Martin Davin (5 May 1905 – 9 November 1957) was a Scottish footballer who played in the Scottish Football League for Dumbarton and Airdrieonians, and in the English Football League for Bury, Bolton Wanderers, Hull City and Clapton Orient.

==Career==
Davin played at Scottish junior league level for Old Kilpatrick of the Scottish Junior League Western Section and then Vale of Clyde of the Glasgow Junior League before, in the summer of 1926 signing with senior level club Dumbarton of the Scottish League Second Division. A year later in August 1927 Davin was transferred to English League First Division club Bury for a £300 fee plus £200 performance related fee. Dumbarton had previously agreed with the Vale of Clyde club to pay them £50 of the transfer fee but this was blocked by the Scottish Football Association which gave rise to legal proceedings, subsequently settled by an agreement.

In Davin's first two seasons with Bury he made 15 appearances scoring four goals; in the third 1929–30 season, following the team's relegation to the Second Division, he played in 23 matches notching four goals. In May 1930 Davin signed for First Division club Bolton Wanderers but three months into the season he was transferred to Third Division North club Hull City where he played for the remainder of the 1930–31 season.

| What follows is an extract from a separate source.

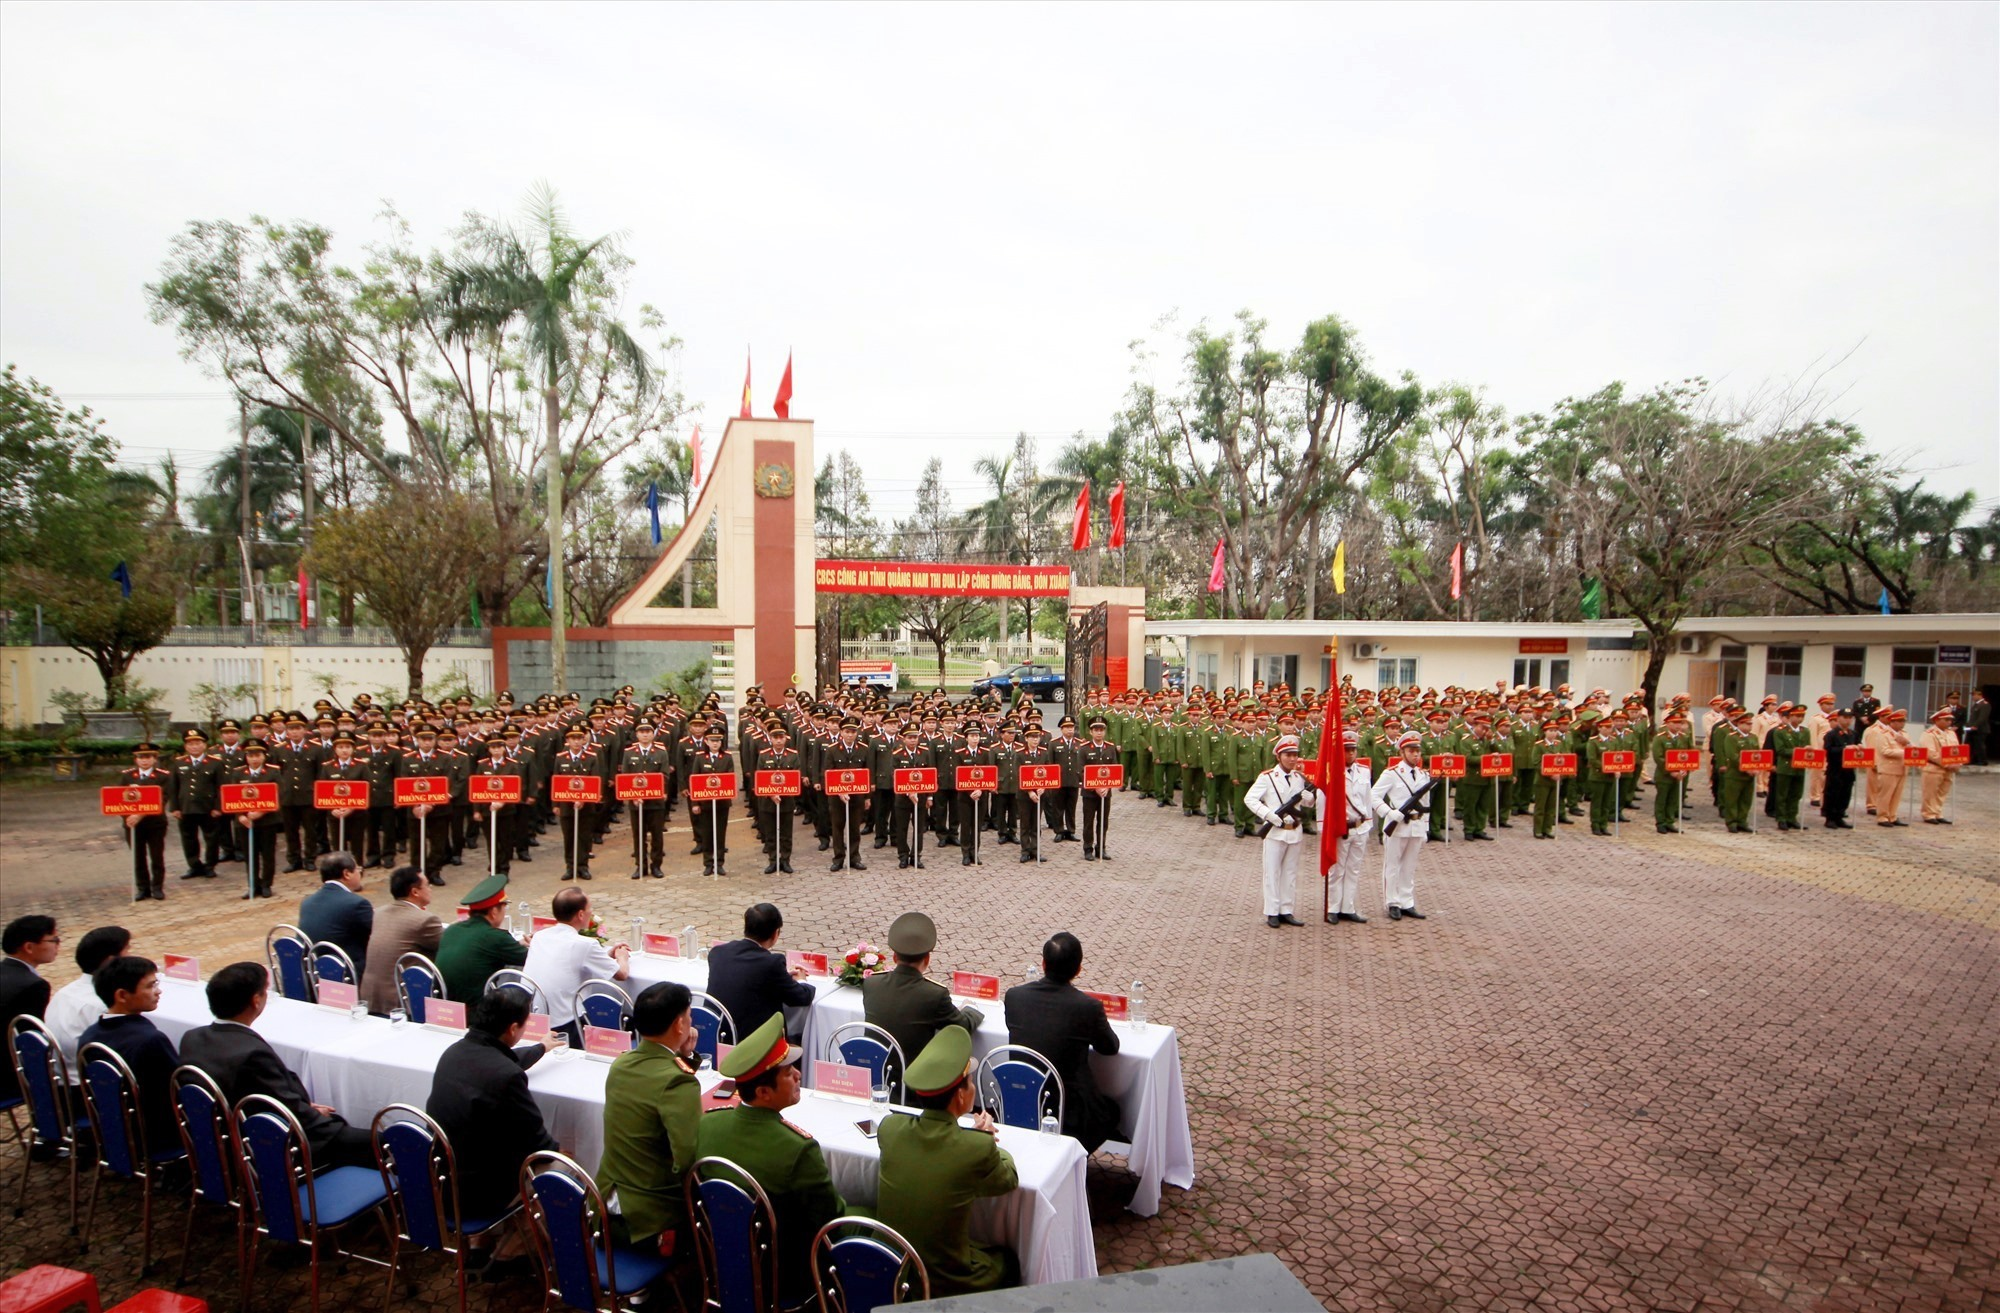 Cán bộ, chiến sĩ các lực lượng thuộc Công an tỉnh dự lễ ra quân đợt cao điểm trấn áp tội phạm. Ảnh: T.C

Following the part-season with Hull, Davin signed with Yeovil and Petters United who had just been elected (after a season's absence) back into the Southern League. That season, 1931–32, Yeovil and Petters United were winners of the Southern League Western Division and additionally were runners-up in the supplementary league in which they competed, the Western League. During the summer of 1932 Davin, for whom Hull City had retained his Football League registration, endeavoured to get them to reduce the transfer fee they were asking for him – with partial success. In October 1932, two months after the start of the season Davin moved back to Scotland when he joined Airdrieonians of the Scottish League First Division for the rest of the 1932–33 season.

Airdrieonians placed Davin on their open-to-transfer list at the end of the campaign and after a single season in Scotland he returned to England and signed with Third Division South team Clapton Orient. He played in 15 matches, scoring twice, for "The Os" during the 1933–34 season following which he played with Clapton's nursery team, Ashford, for the 1934–35 Kent League season.